- Born: 24 January 1824 Dundee, Scotland
- Died: 24 August 1864 (aged 40) Dundee, Scotland
- Buried: Eastern Necropolis, Dundee
- Allegiance: United Kingdom
- Branch: British Army
- Service years: 1840–1863
- Rank: Private
- Unit: 92nd Regiment of Foot 55th Regiment of Foot (att'd)
- Conflicts: Crimean War
- Awards: Victoria Cross

= Thomas Beach (VC) =

Recipient of the Victoria Cross

Thomas Beach VC (24 January 1824 – 24 August 1864) was a British Army soldier and a Scottish recipient of the Victoria Cross, the highest award for gallantry in the face of the enemy that can be awarded to British and Commonwealth forces. Beach suffered from severe alcoholism later in life. He died due to his alcoholism at the age of 40.

==Military service==
Beach joined the British Army at the age of sixteen, being assigned to the 92nd Regiment of Foot (Gordon Highlanders) on 30 April 1840. He was posted to a variety of locations, including the West Indies and the Greek Isles. When the Crimean War broke out in 1854, his regiment was posted to Gibraltar as a garrison force. Beach volunteered to be seconded to another unit which was going to Crimea, and he was placed with the 55th Regiment of Foot.

It was in Crimea that he conducted himself in a manner that would later result in him being awarded the Victoria Cross for gallantry in the face of the enemy. His medal citation reads:

On 5 November 1854 at the Battle of Inkerman, Crimea, when on piquet duty, Private Beach attacked several Russians who were plundering Lieut.-Colonel Carpenter, 41st Regiment, who was lying wounded on the ground. He killed two of the Russians, and protected Lieut.-Colonel Carpenter until the arrival of some men of the 41st Regiment."

Although the official citation does not specify the exact number of opposing soldiers, Beach held off and fought a total of 5 Russians, with 2 of the opposing side killed.

It was the first Victoria Cross to be awarded to a member of the regiment. Alongside Major Frederick Cockayne Elton, Beach was presented with the VC by General Ferguson on 20 July 1857.
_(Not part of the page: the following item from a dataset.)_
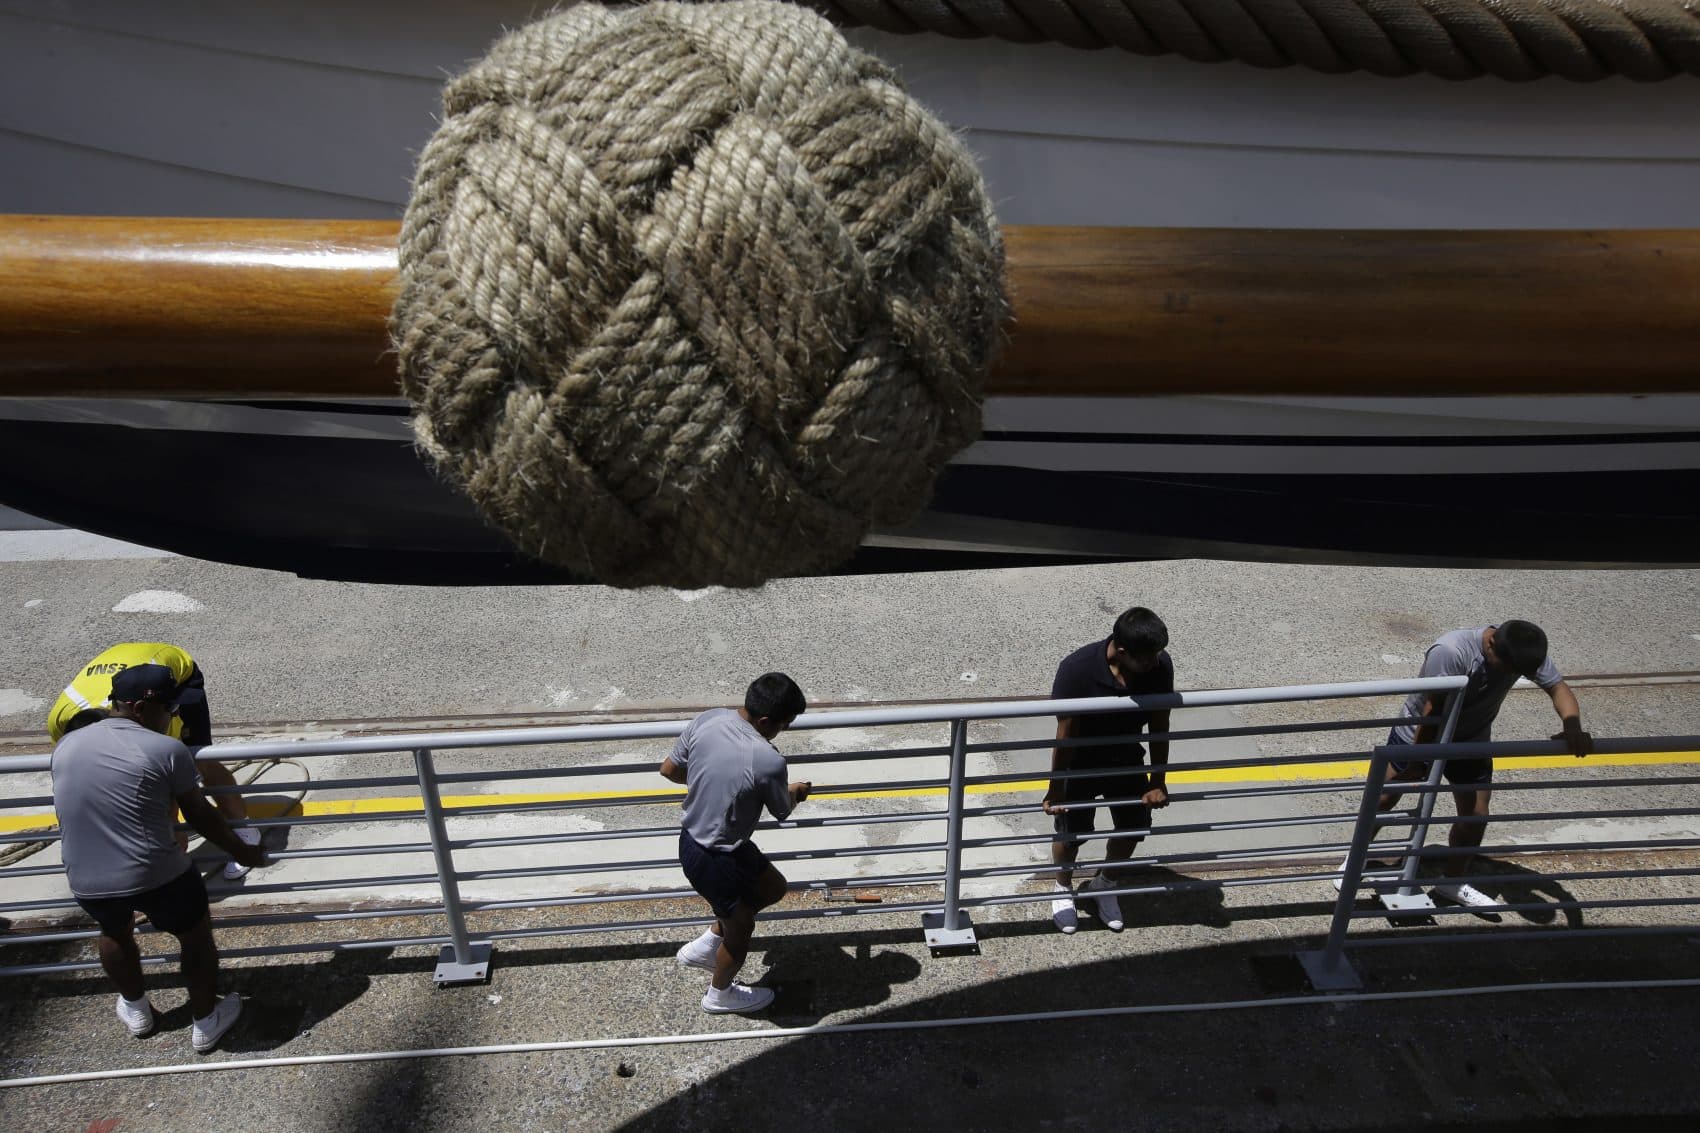 Crew members of the Peruvian Navy tall ship Union place a barrier on a dock near the vessel as the Union is docked in Boston Harbor on Sunday. (Steven Senne/AP)

In addition to the Victoria Cross, during his time in the military he was awarded two good conduct medals. However he was also placed 21 times in the regimental defaulters book and was twice tried by court martial. The 1861 census of England, Wales and Scotland placed him living in Perth, Scotland.

==Later life and legacy==
After leaving the army in June 1863 following 23 years of service, including seven and a half years overseas, he became a railway labourer. Less than a year later he had died from the effects of alcohol poisoning in the Dundee Royal Infirmary.

Beach was buried in a pauper's grave somewhere in the Eastern Necropolis in Dundee. The exact location of the burial is unknown due to the number of mass graves in that area. On 17 May 2003, a bench dedicated to him was placed in Necropolis, alongside a bench devoted to fellow Victoria Cross holder Peter Grant, who is also buried somewhere in the area in a similar grave. On 20 October 2006, a $1.50 stamp was issued in Kiribati commemorating Beach's Victoria Cross action. A drawing of it which had previously appeared in the Illustrated London News was used.

His medal is held at the Sheesh Mahal fort in Lahore, Pakistan. It forms part of a collection which was gathered by Bhupinder Singh of Patiala during the 1920s.